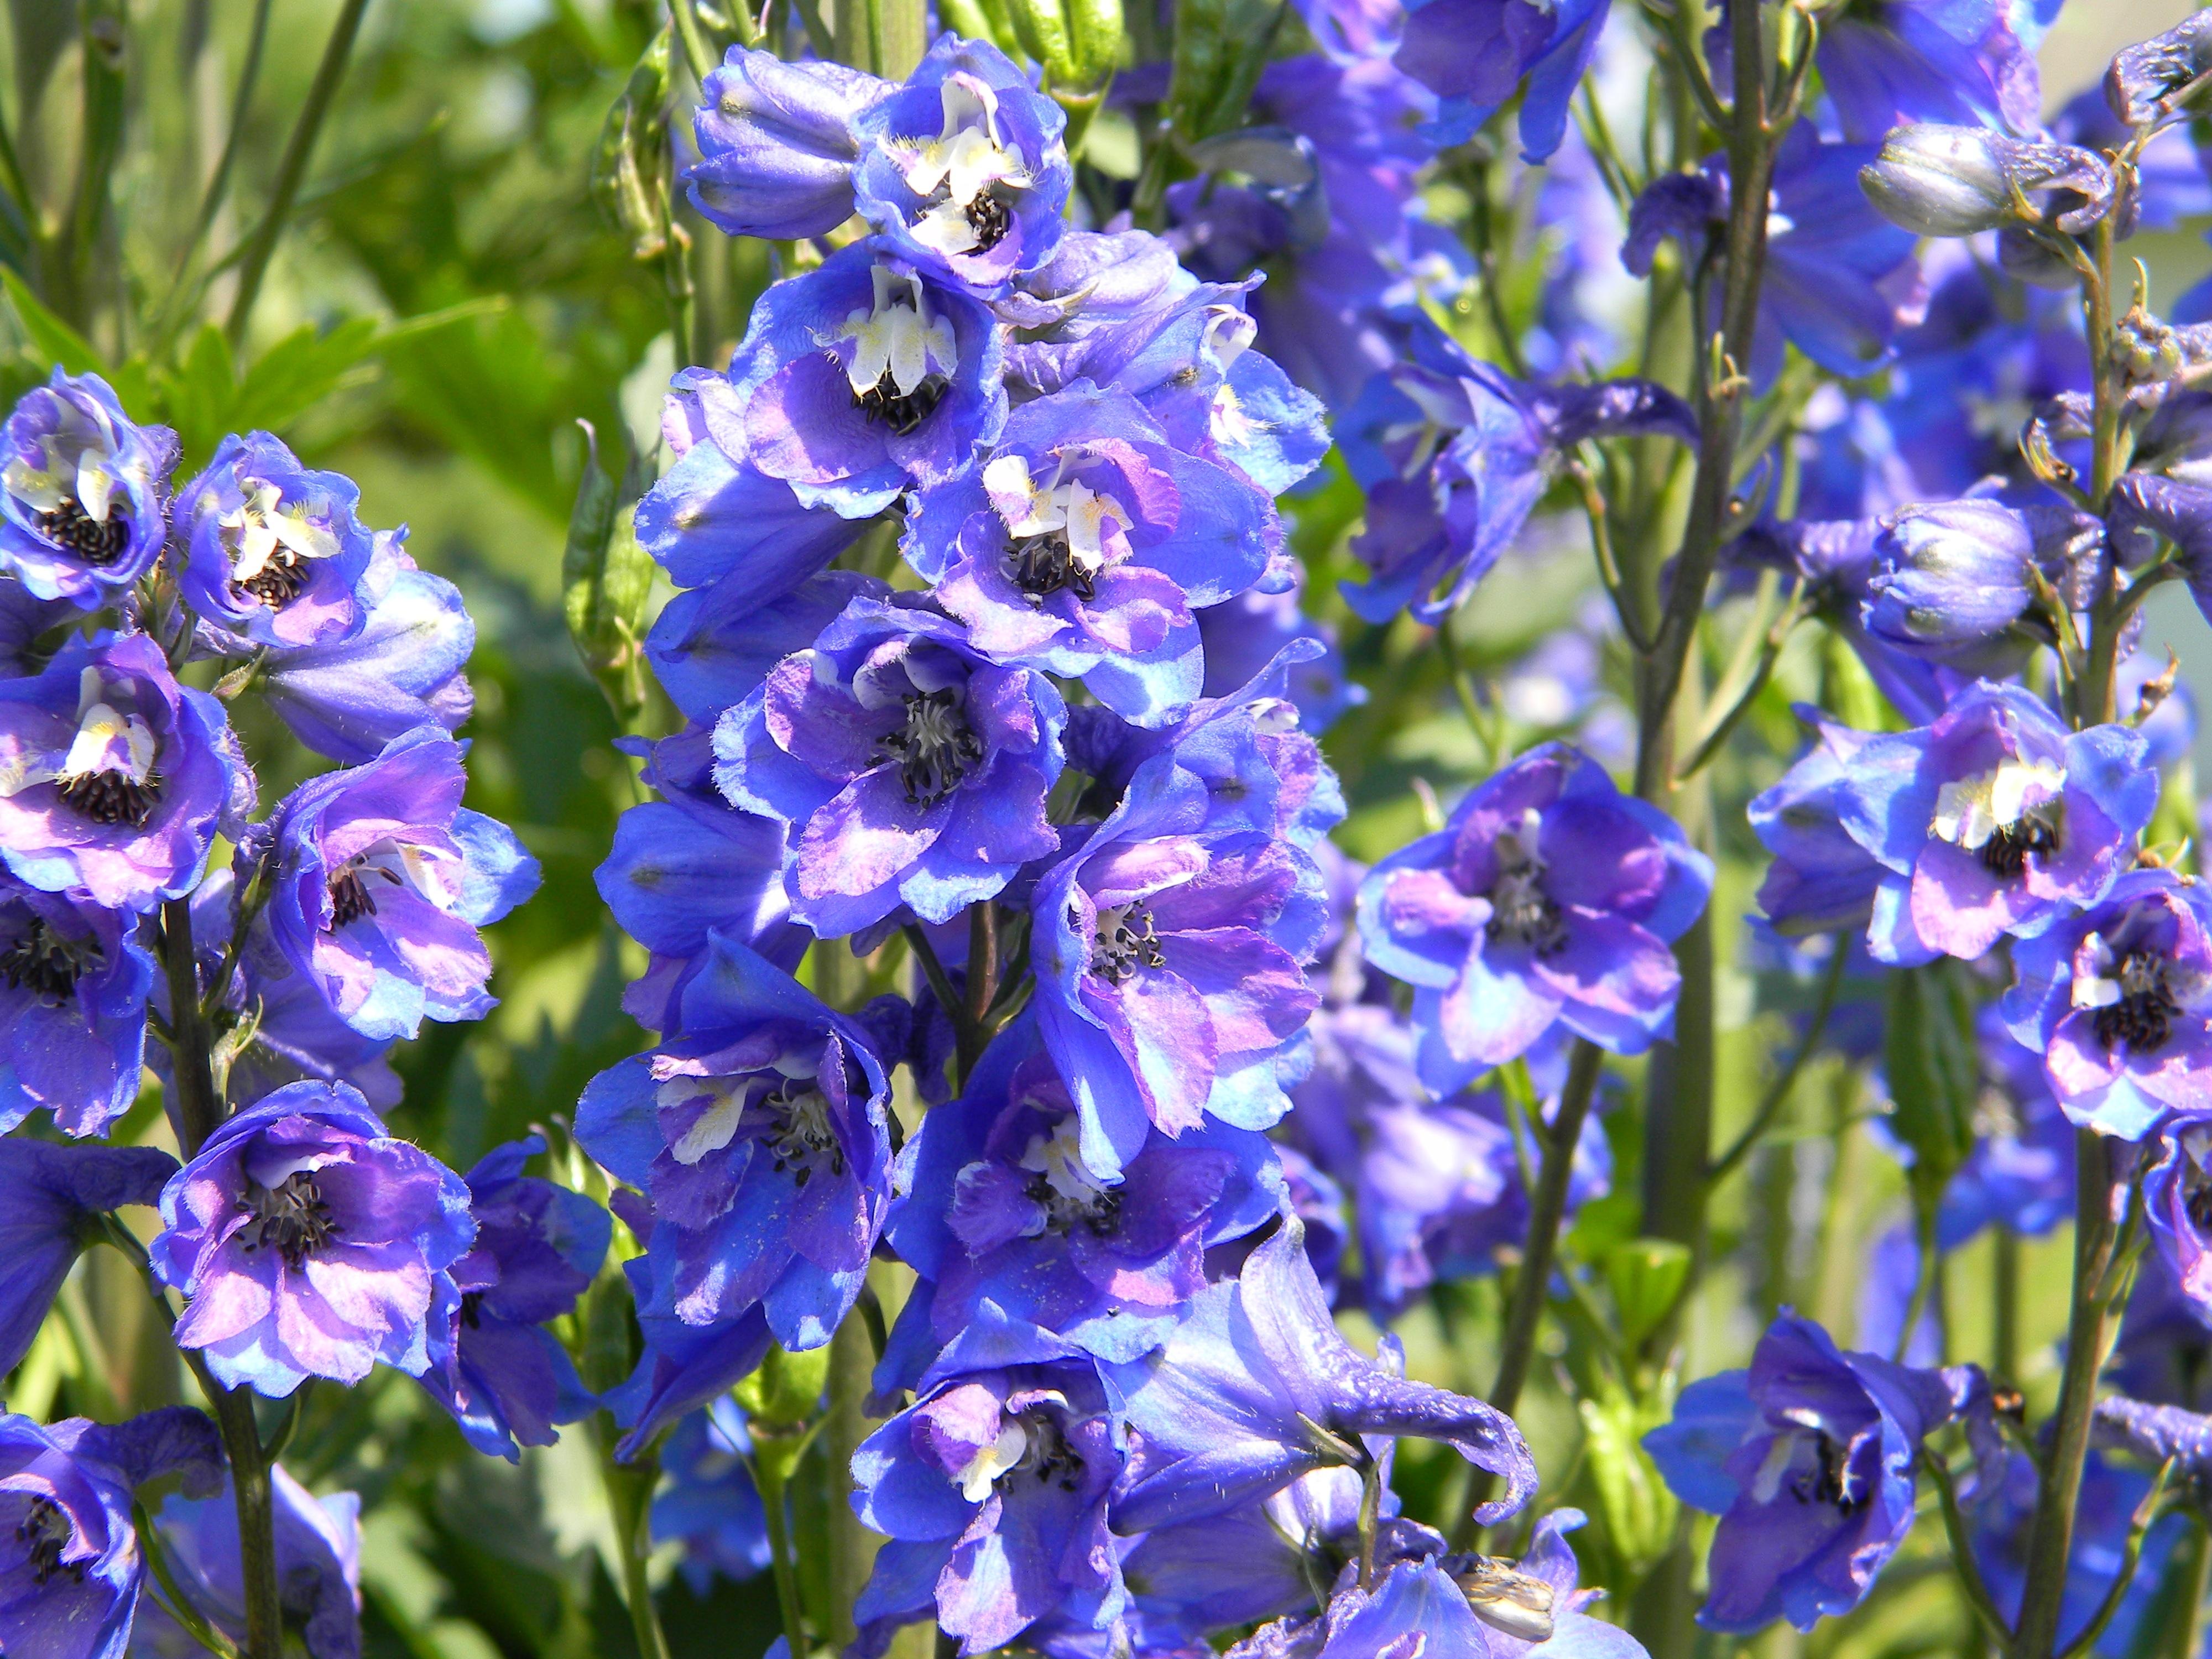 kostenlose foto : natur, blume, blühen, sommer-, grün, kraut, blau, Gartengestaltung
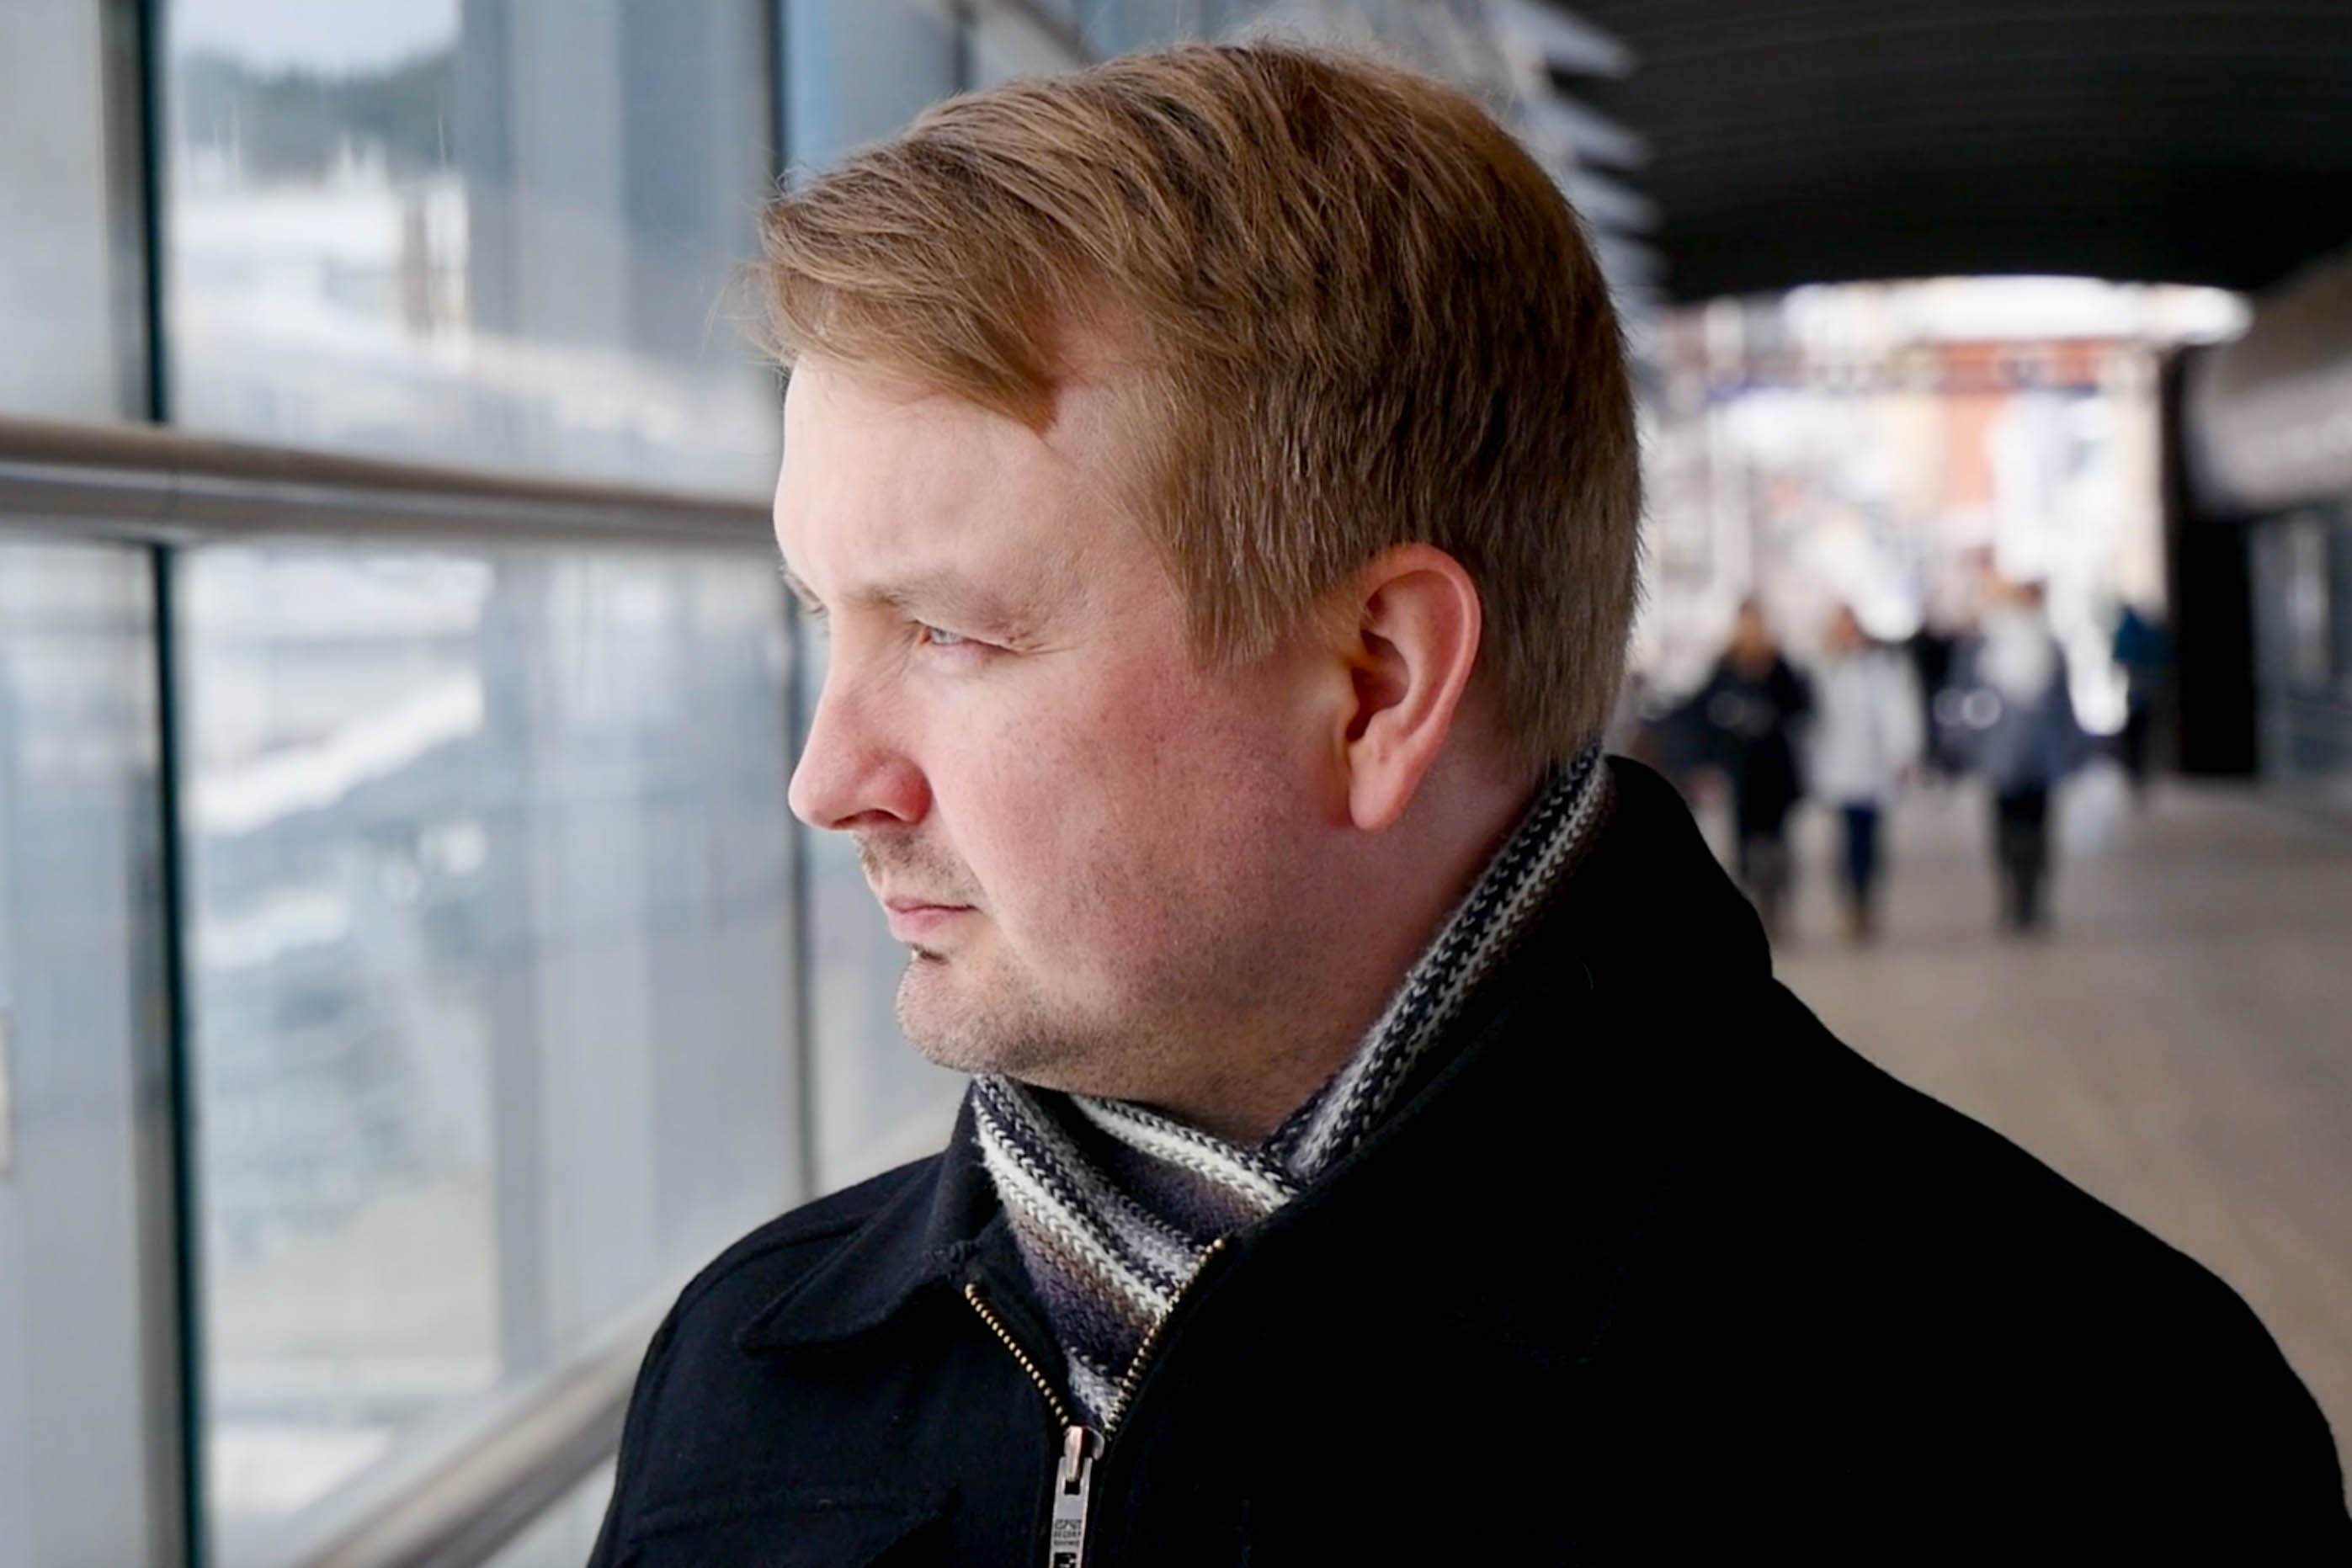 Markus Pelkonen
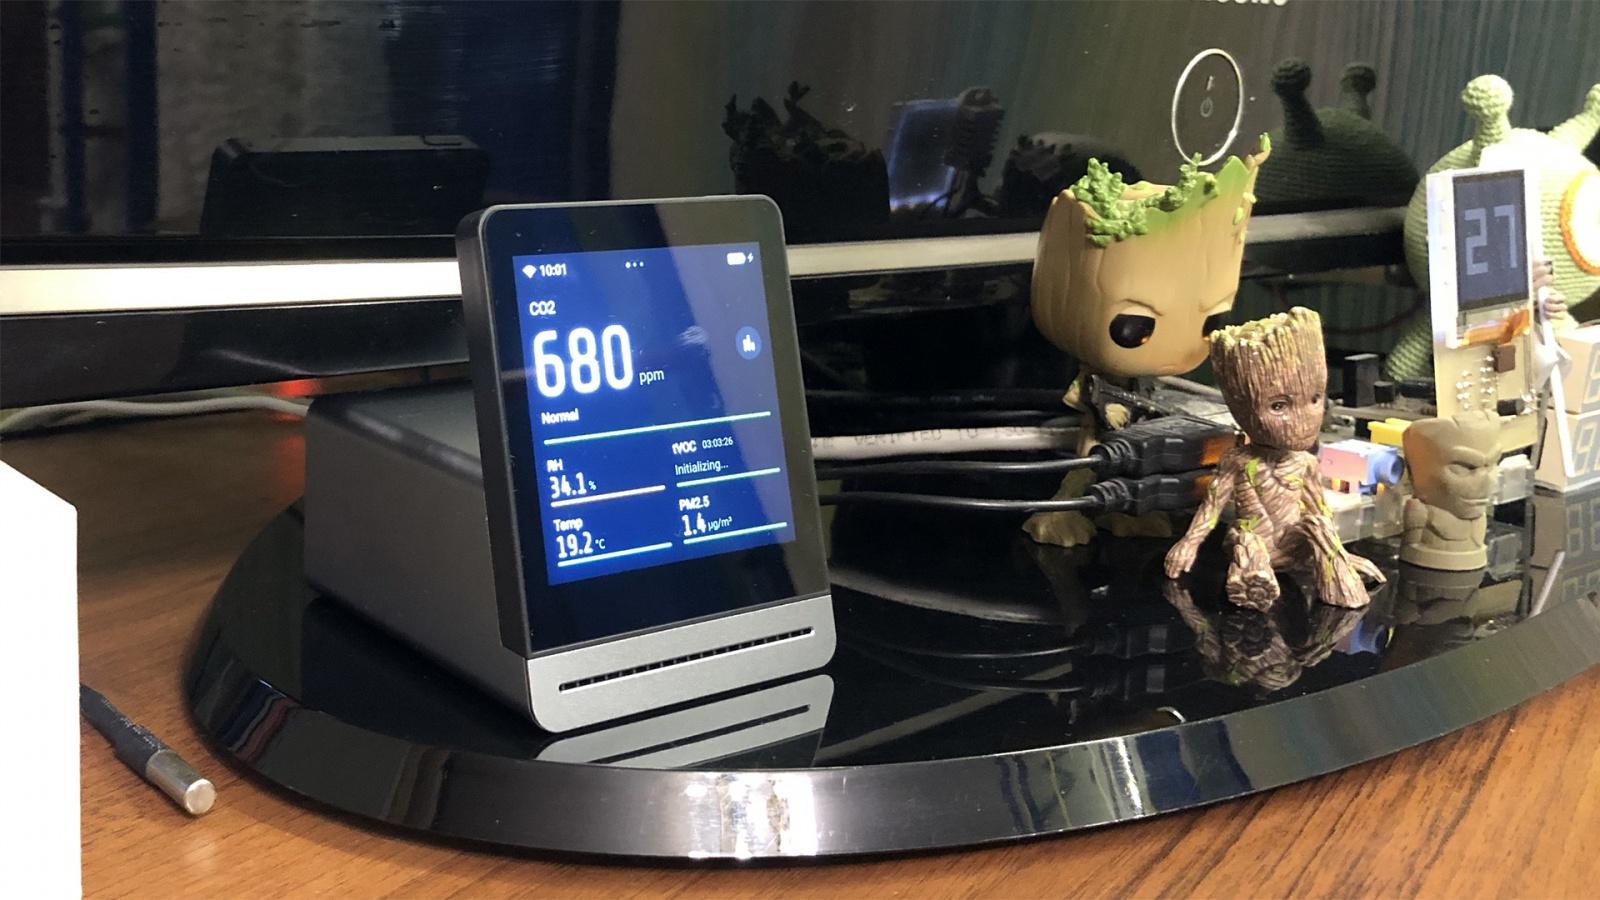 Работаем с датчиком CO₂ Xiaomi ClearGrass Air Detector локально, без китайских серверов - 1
--
* _Task description_
When the line that holds "Markus Pelkonen" is reached, begin duplicating exactly, and continue through the last line of the listing, skipping the pictures; output nothing else.

* _The answer_
 Markus Pelkonen
 Работаем с датчиком CO₂ Xiaomi ClearGrass Air Detector локально, без китайских серверов - 1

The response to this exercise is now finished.